■ **Source data**:
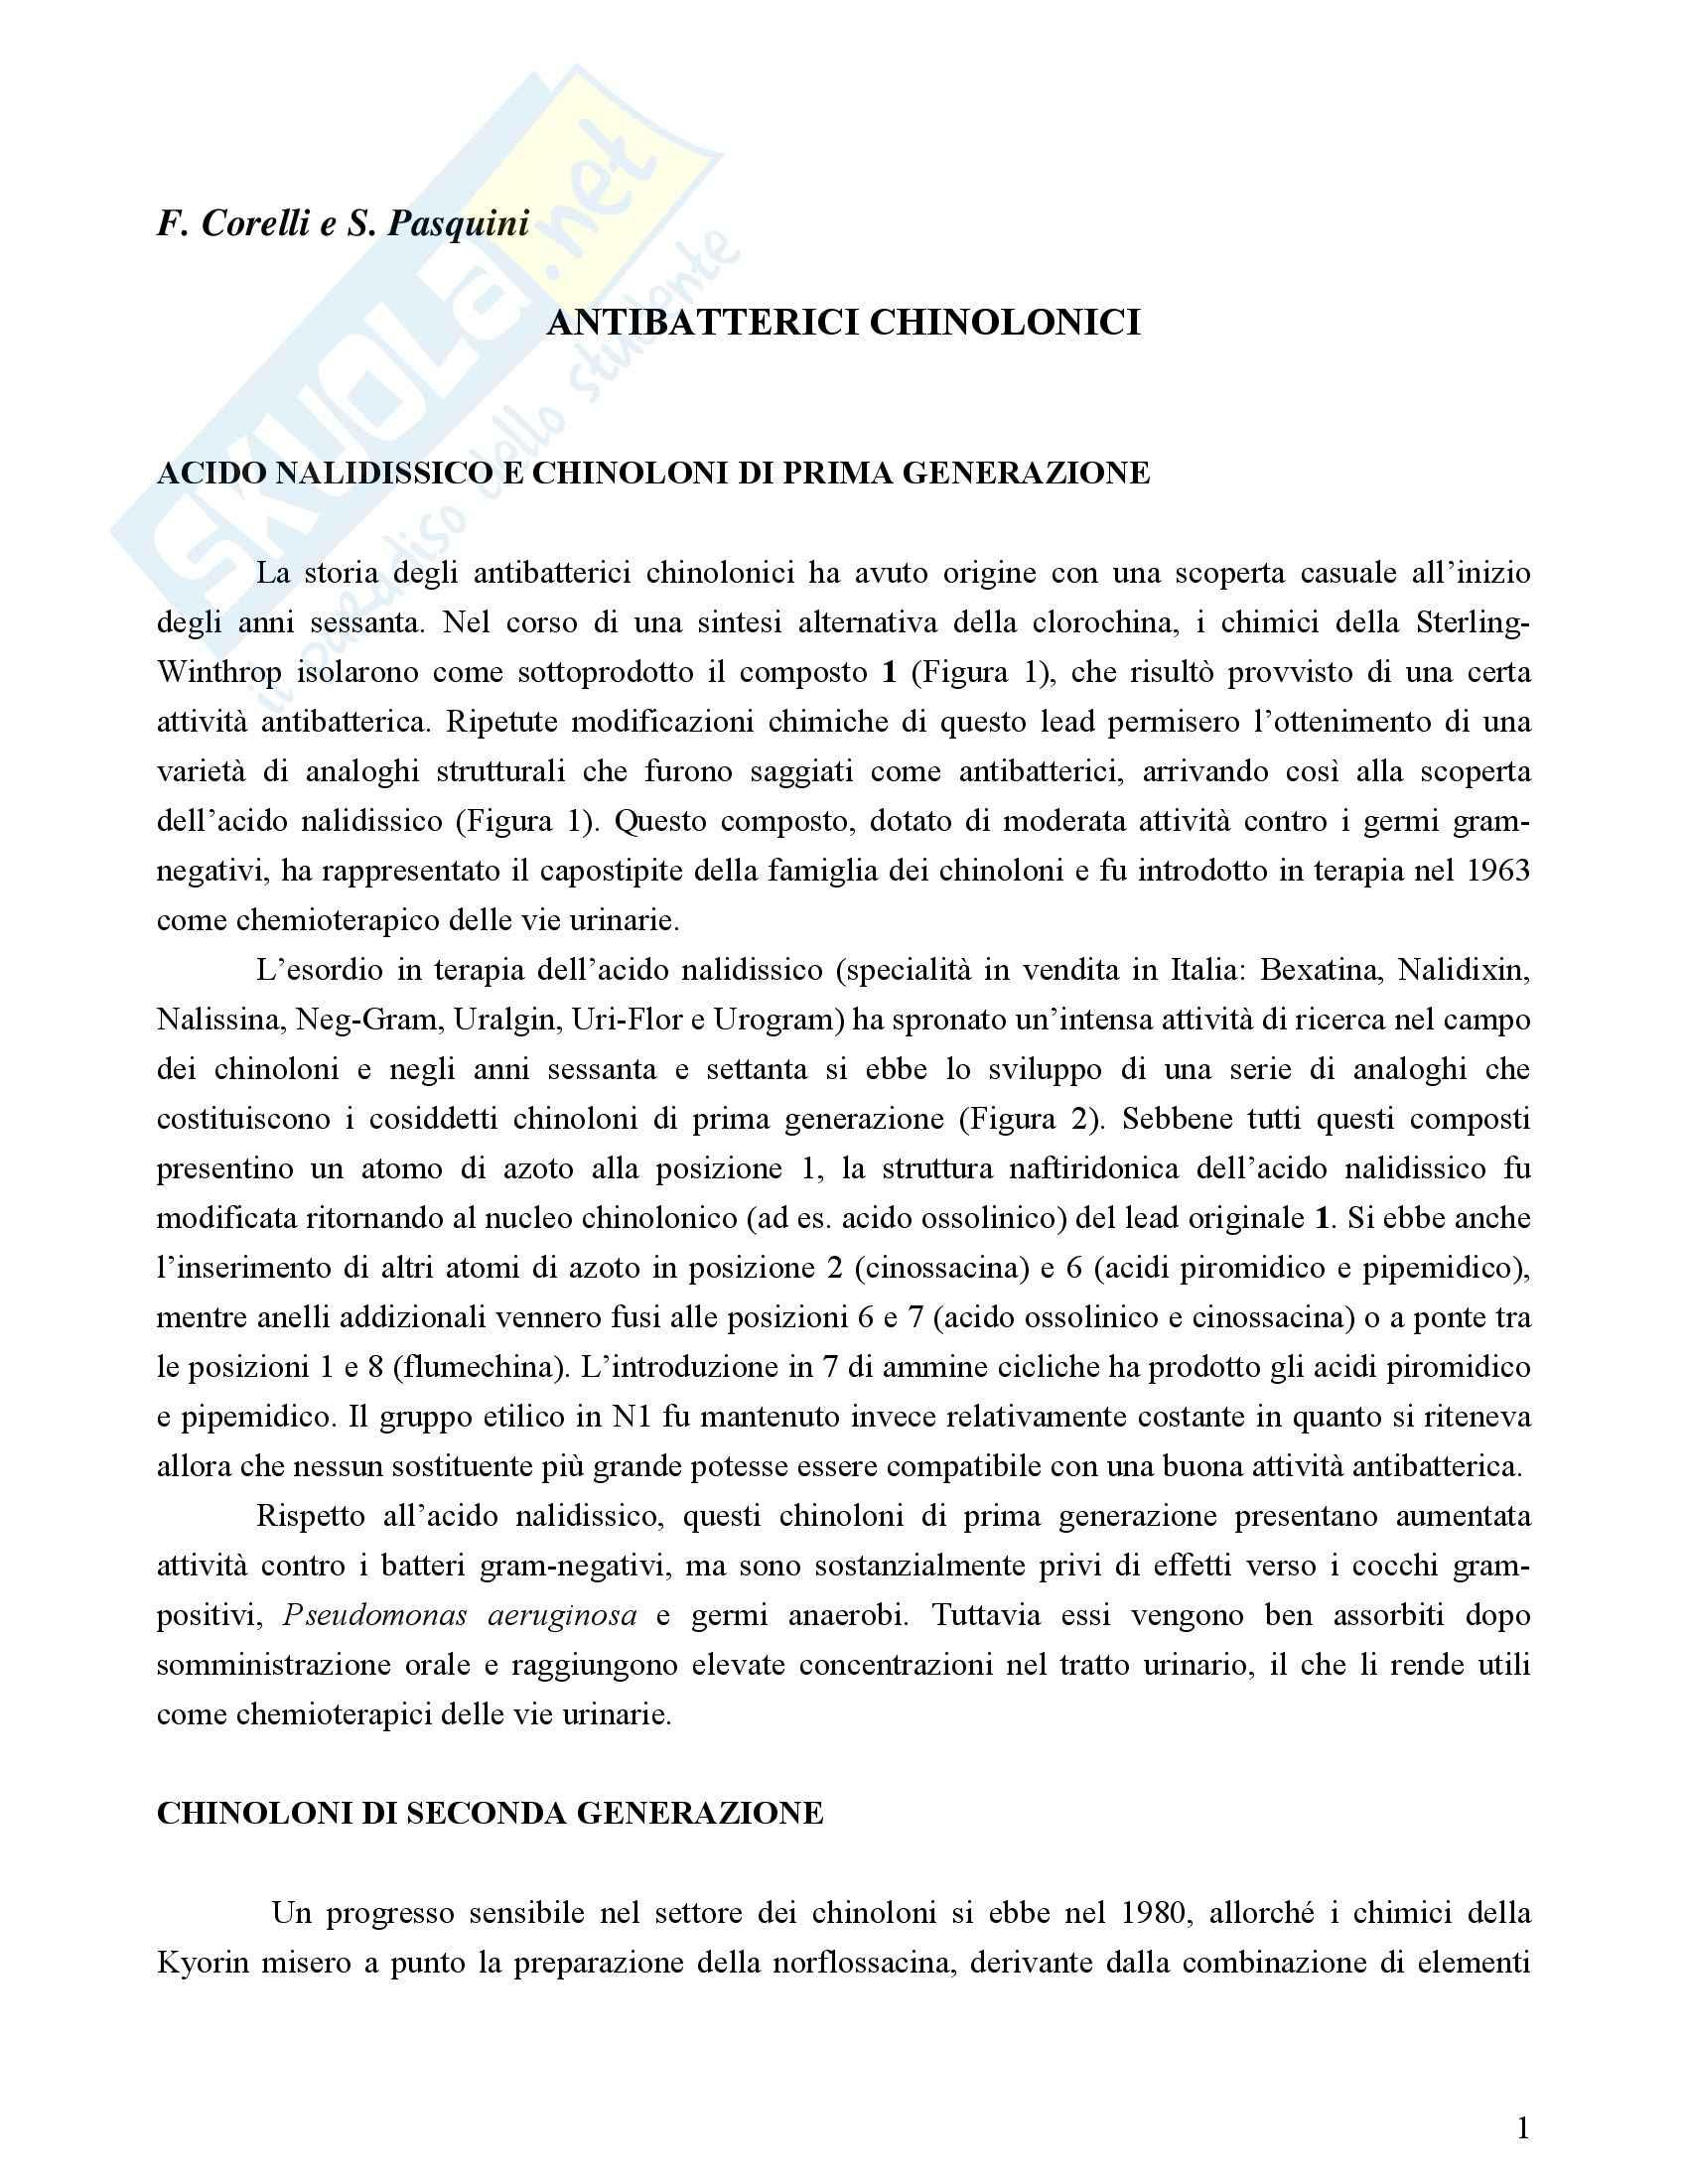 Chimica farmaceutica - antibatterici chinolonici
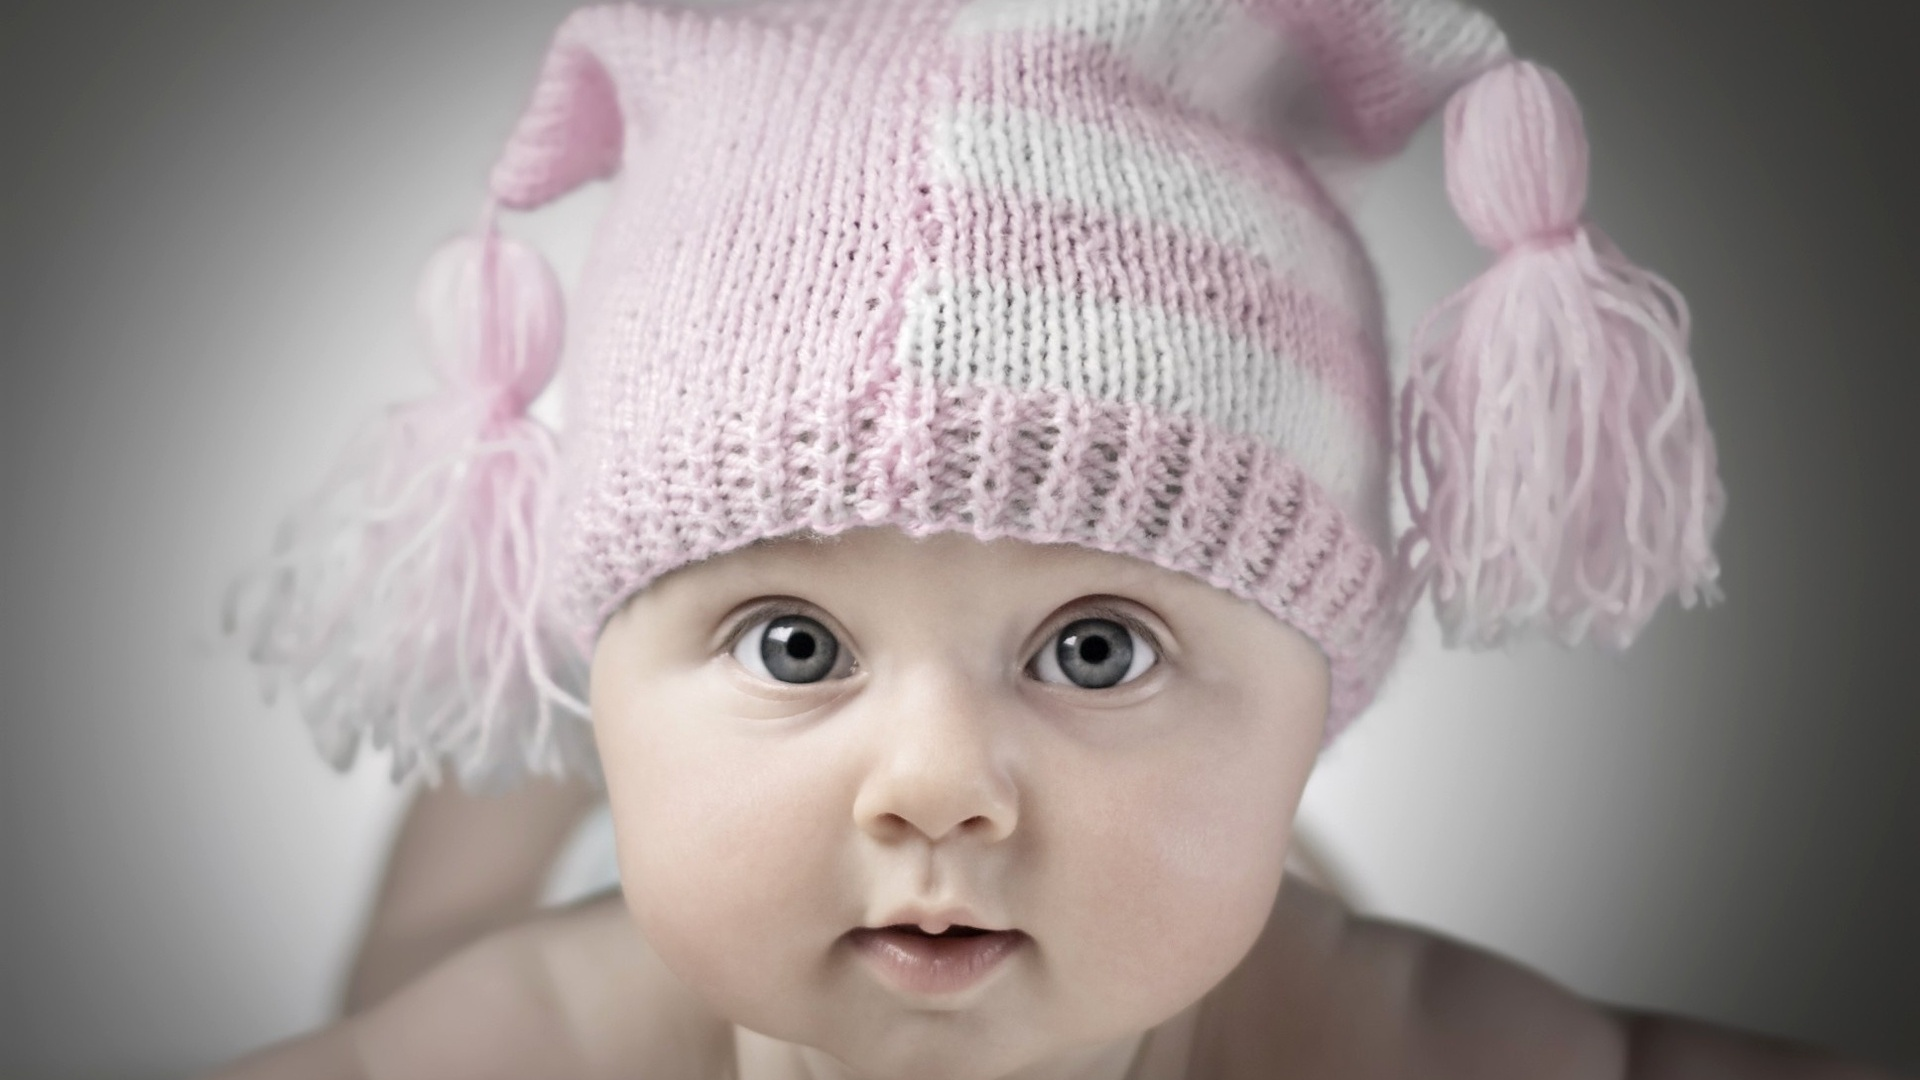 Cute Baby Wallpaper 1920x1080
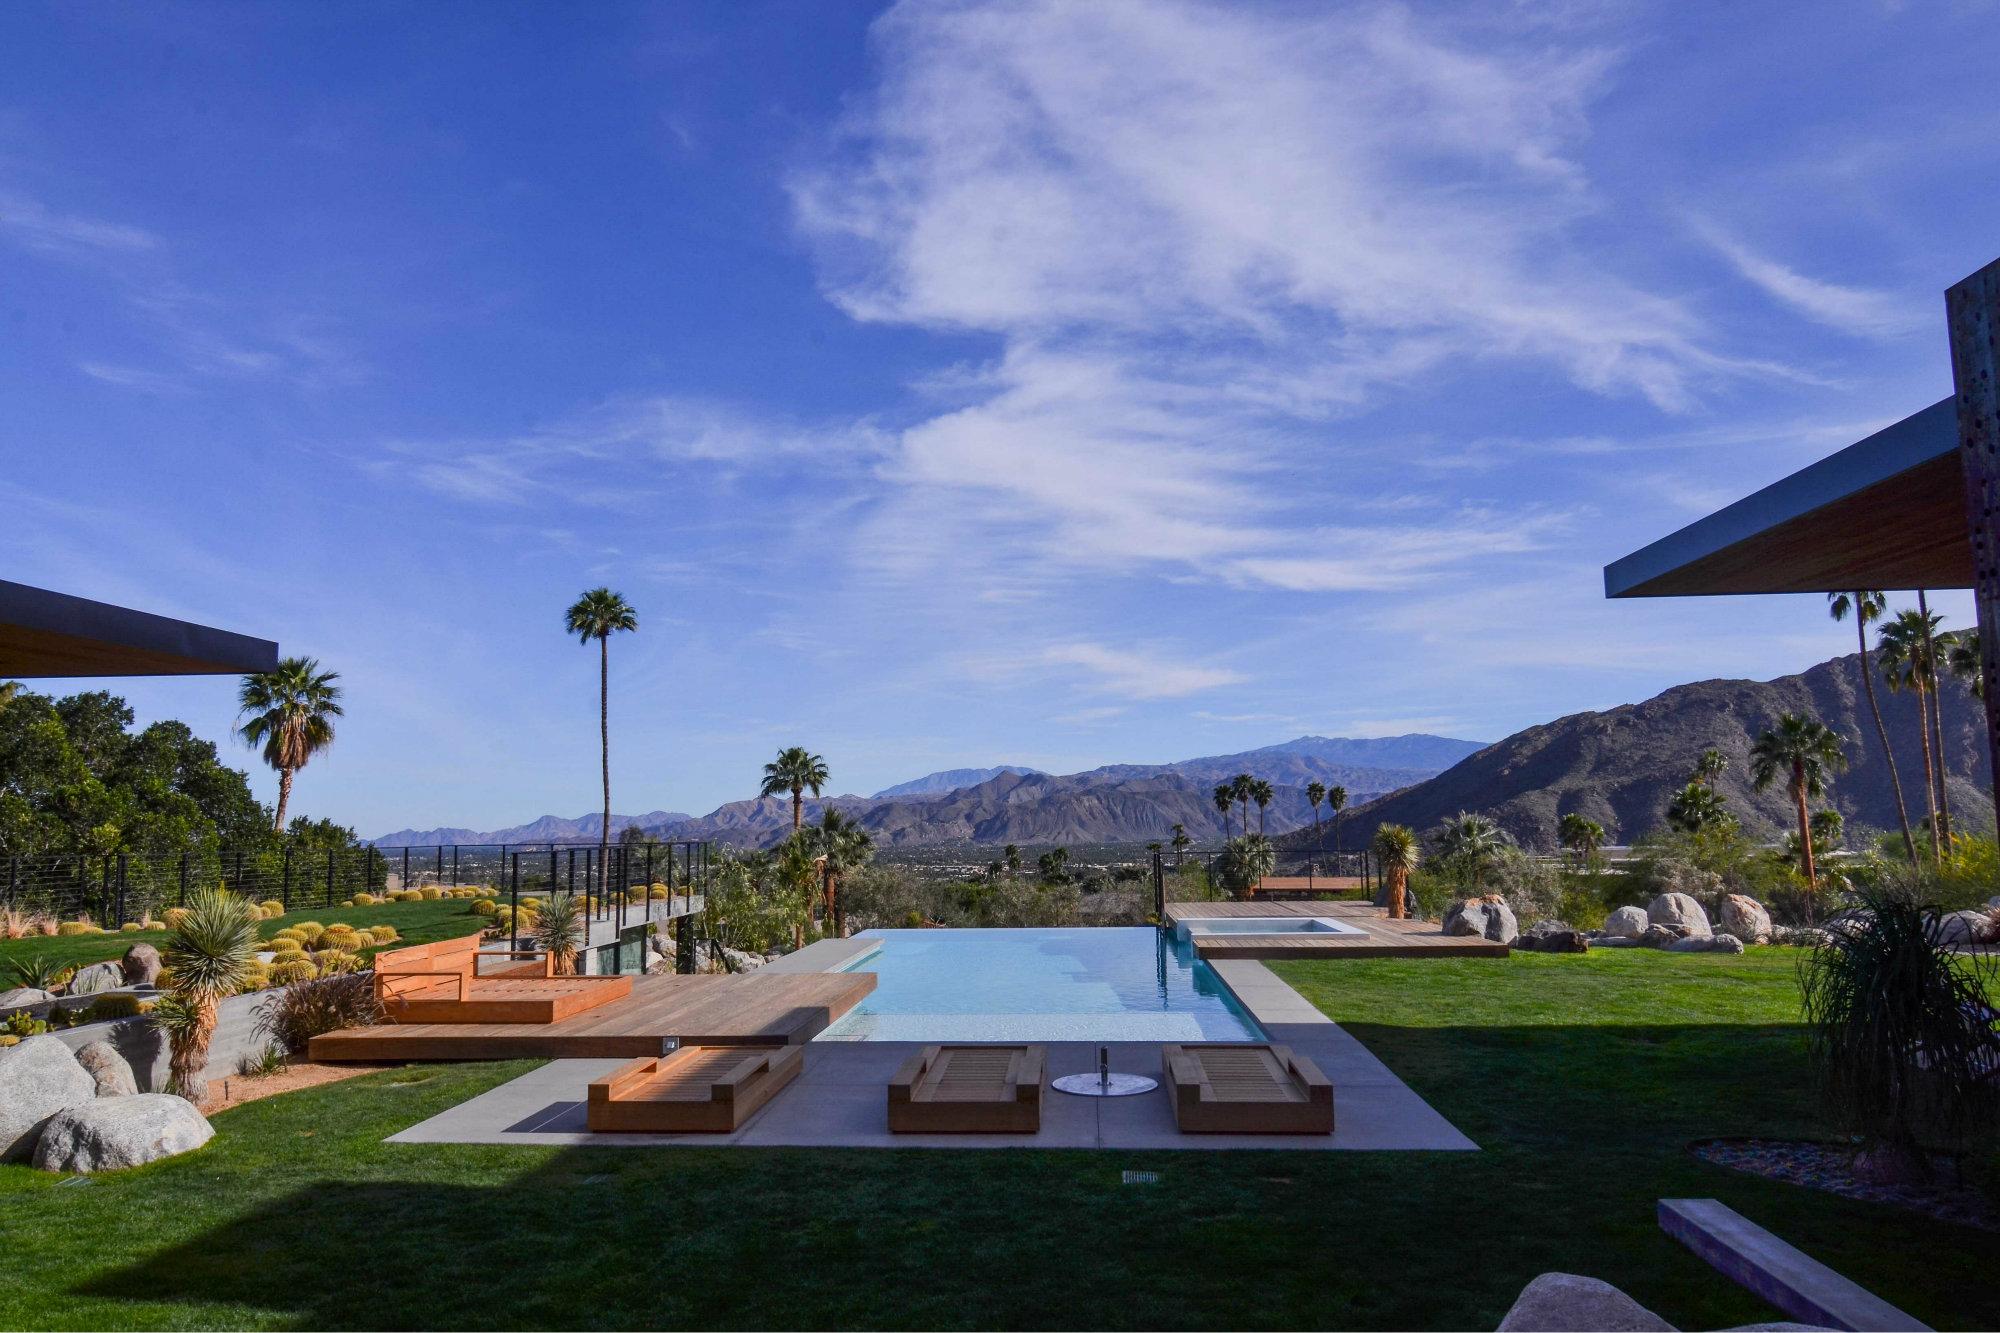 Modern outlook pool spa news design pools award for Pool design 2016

■ **Task**: Each line above should be written out again exactly, and no picture should appear in the copy.

■ **Solution for this exercise**:
 Chimica farmaceutica - antibatterici chinolonici
 Cute Baby Wallpaper 1920x1080
 Modern outlook pool spa news design pools award for Pool design 2016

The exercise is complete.